_Description of the task_
Repeat exactly the lines of the entries below from the one with "firma.gov.pl) lub spółki" through the one with "PANTONE 5645 C - Colorxs Quad Palette", both ends included, and nothing else.
━━━━━ Recorded data ━━━━━
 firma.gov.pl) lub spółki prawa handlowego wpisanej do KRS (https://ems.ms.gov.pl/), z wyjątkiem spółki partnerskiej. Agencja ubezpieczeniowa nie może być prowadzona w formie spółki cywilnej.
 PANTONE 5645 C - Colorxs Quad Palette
━━━━━
━━━━━ Recorded data ━━━━━
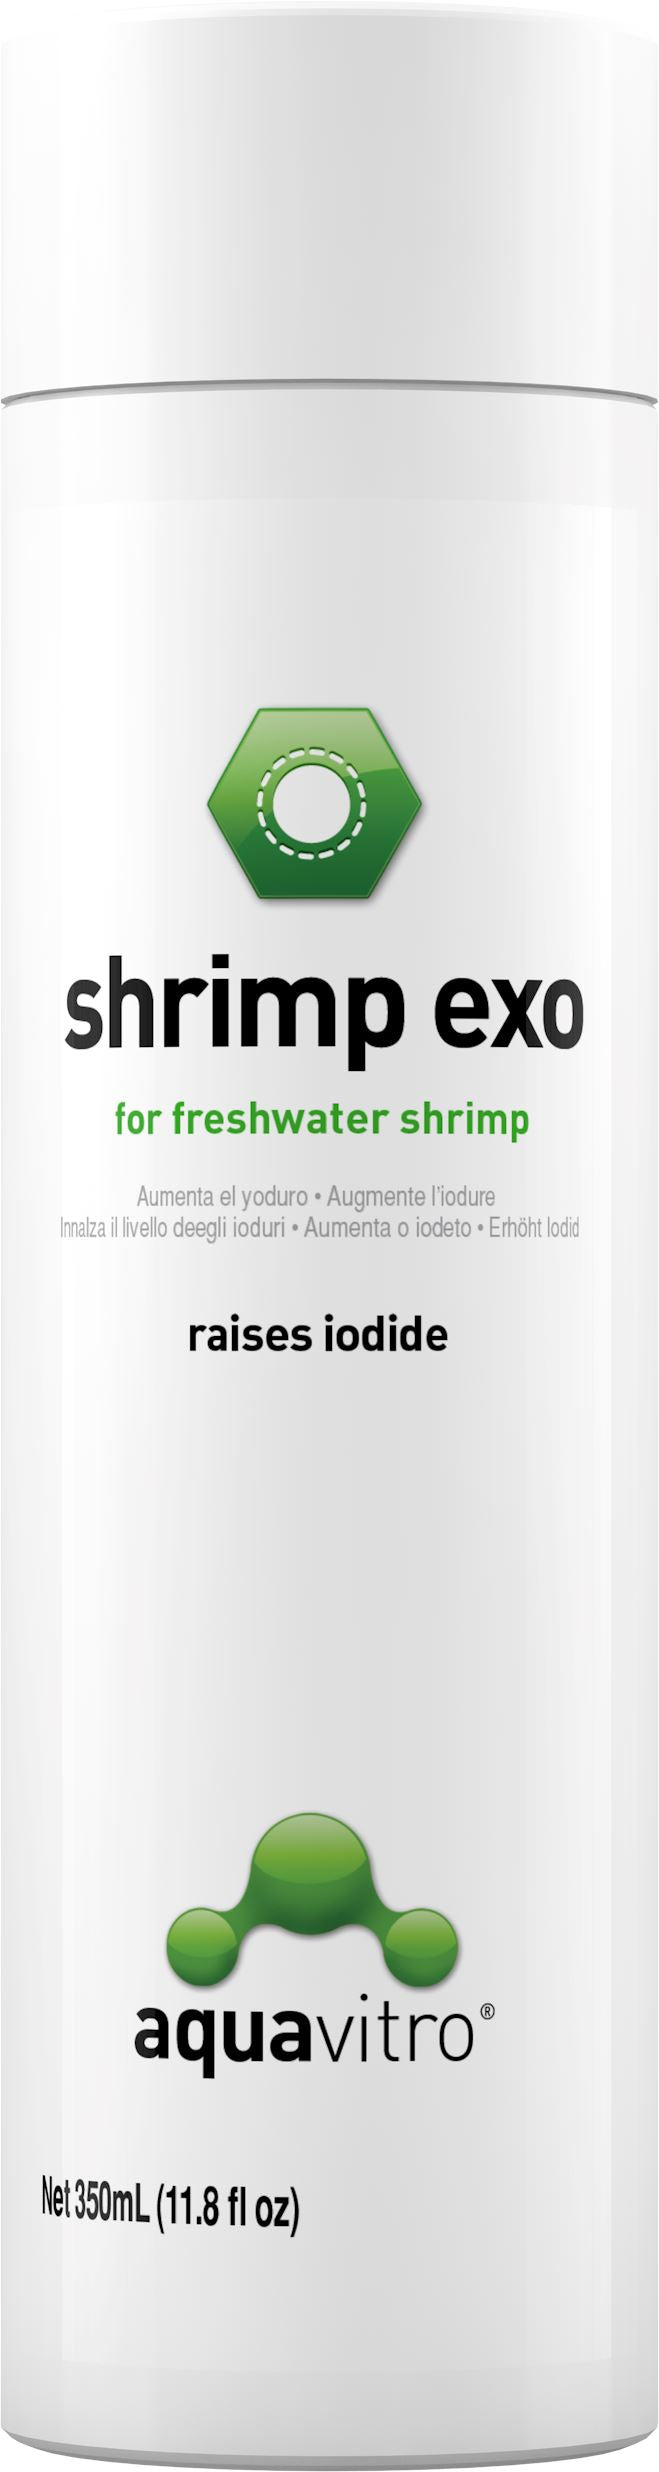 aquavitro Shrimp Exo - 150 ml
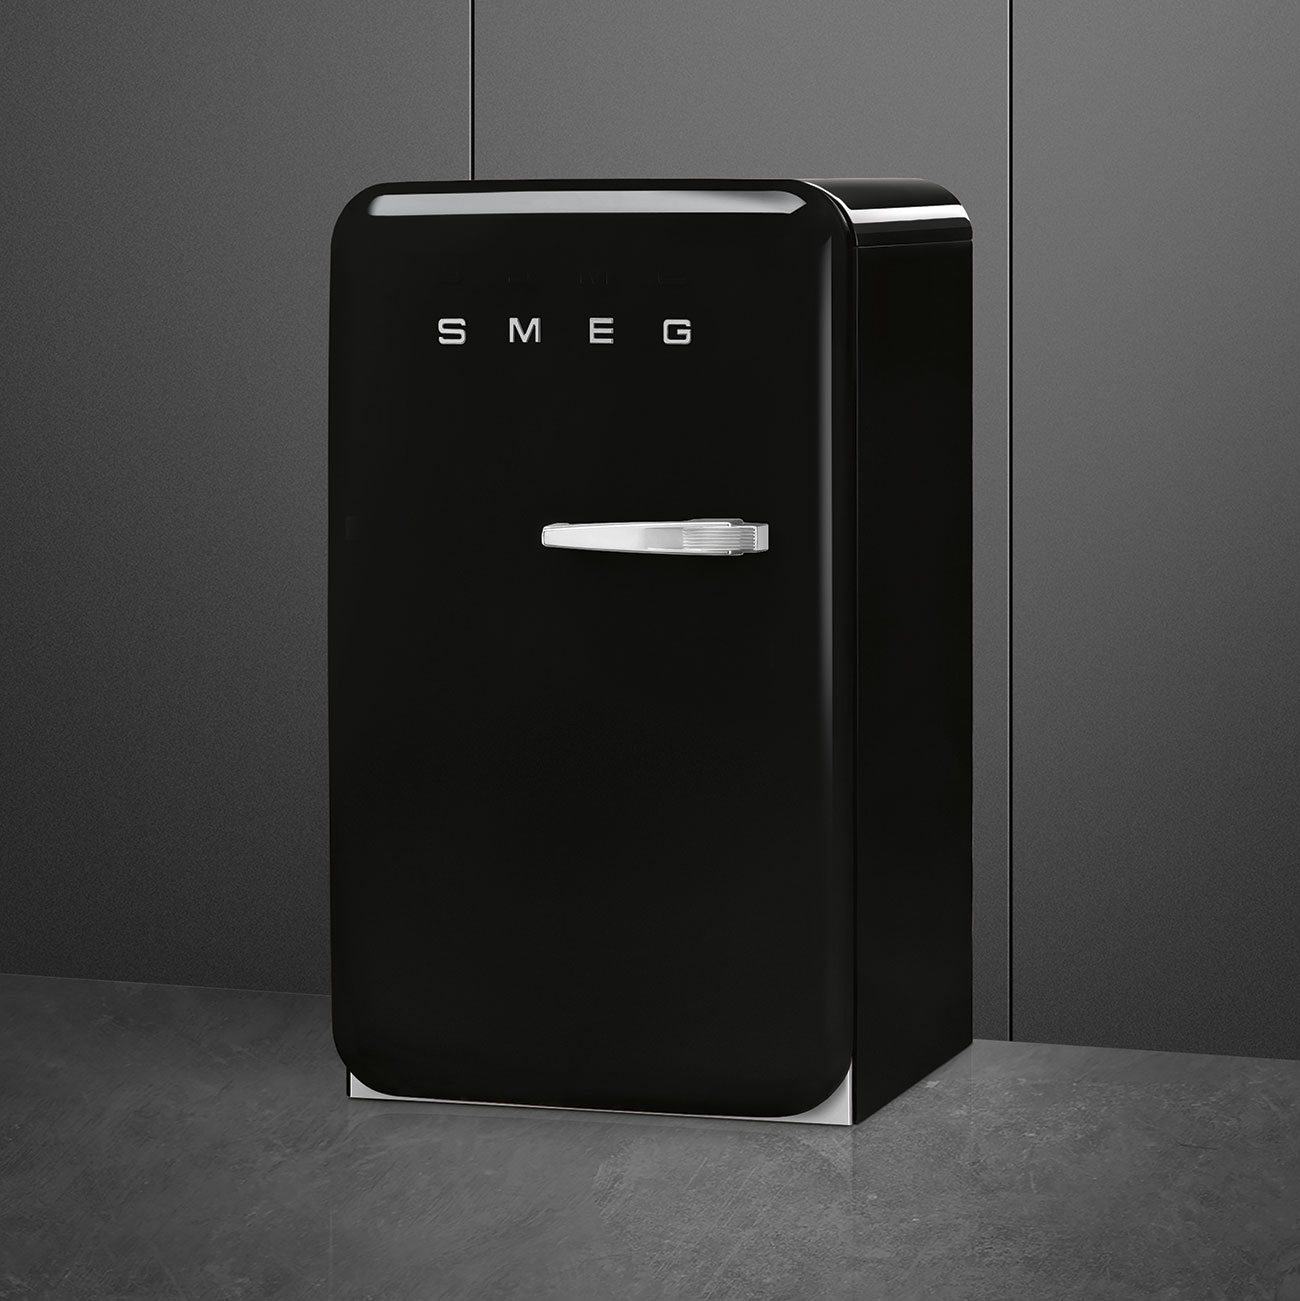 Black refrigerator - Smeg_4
━━━━━
━━━━━ Recorded data ━━━━━
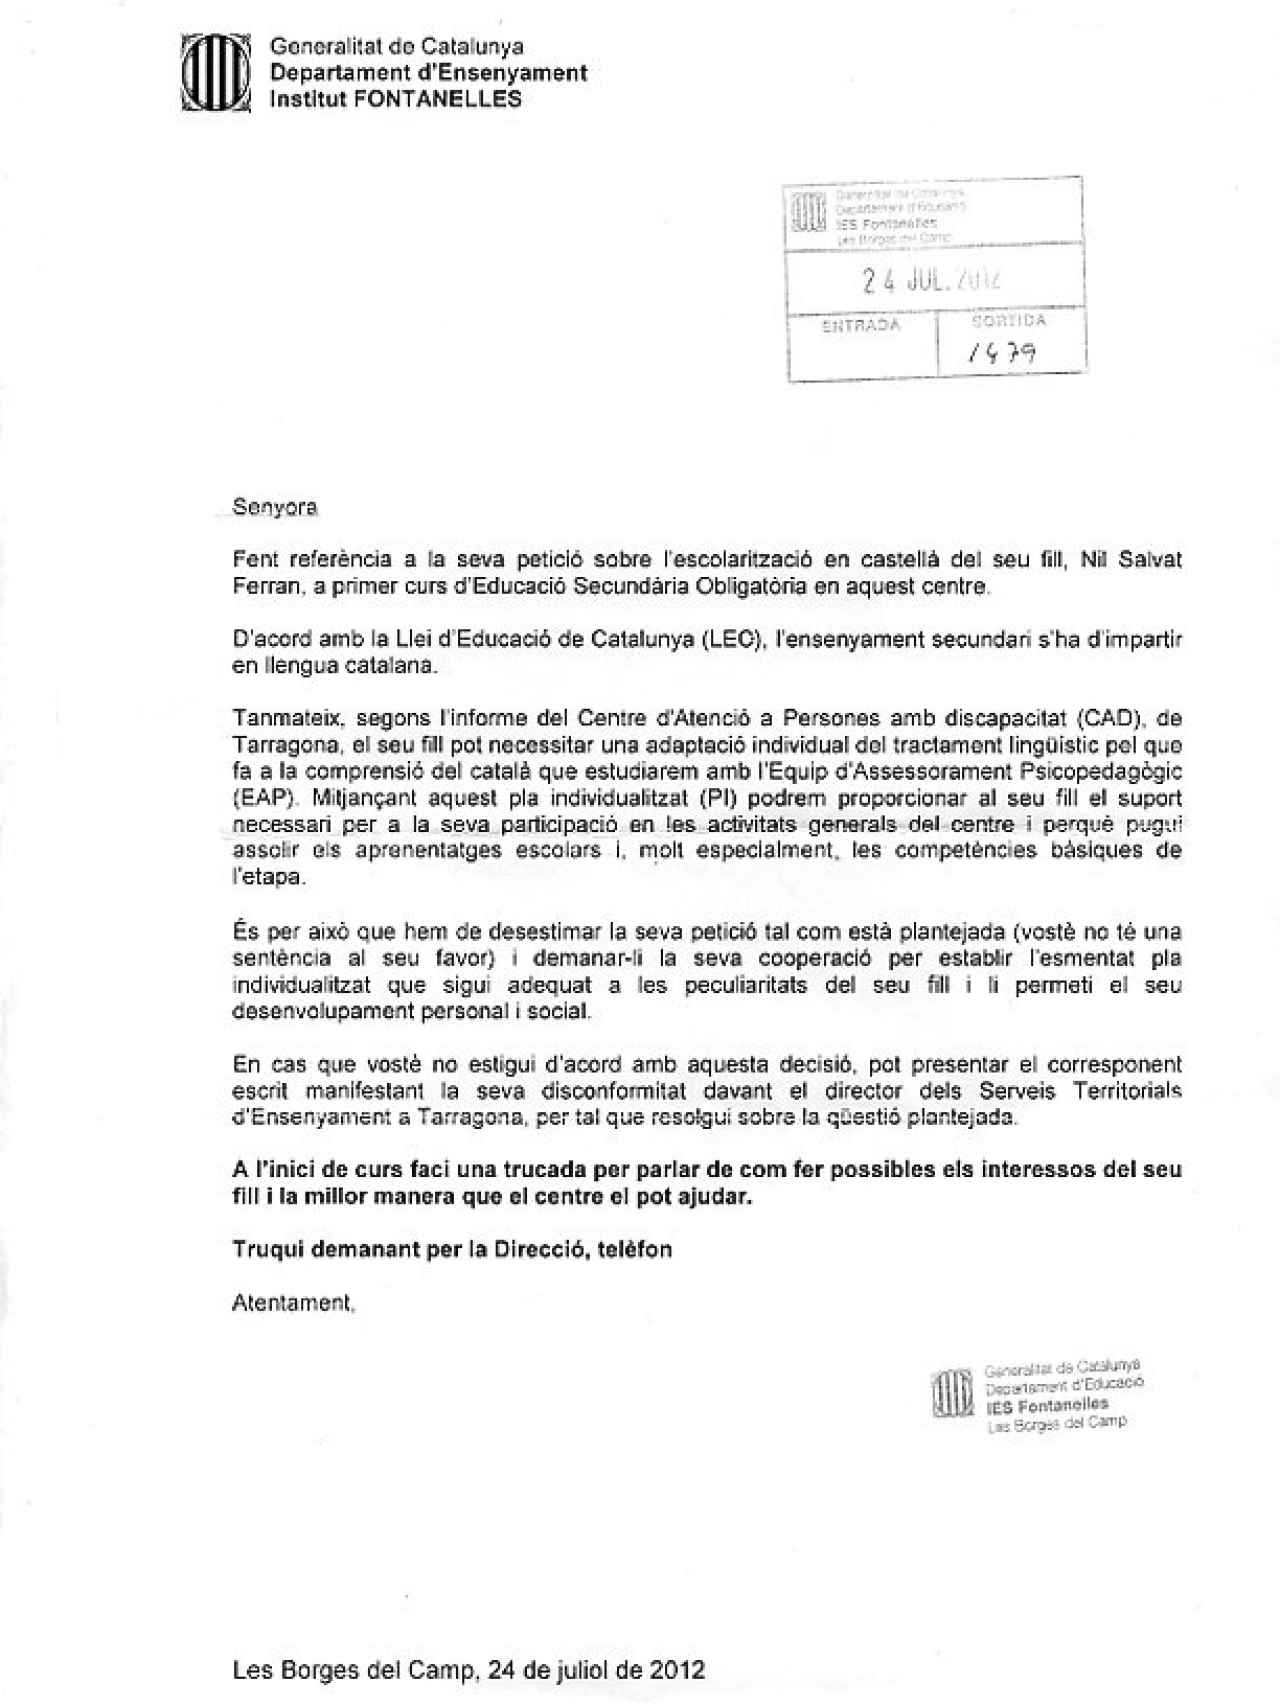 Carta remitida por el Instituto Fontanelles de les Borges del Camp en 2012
━━━━━
_Answer space_
 firma.gov.pl) lub spółki prawa handlowego wpisanej do KRS (https://ems.ms.gov.pl/), z wyjątkiem spółki partnerskiej. Agencja ubezpieczeniowa nie może być prowadzona w formie spółki cywilnej.
 PANTONE 5645 C - Colorxs Quad Palette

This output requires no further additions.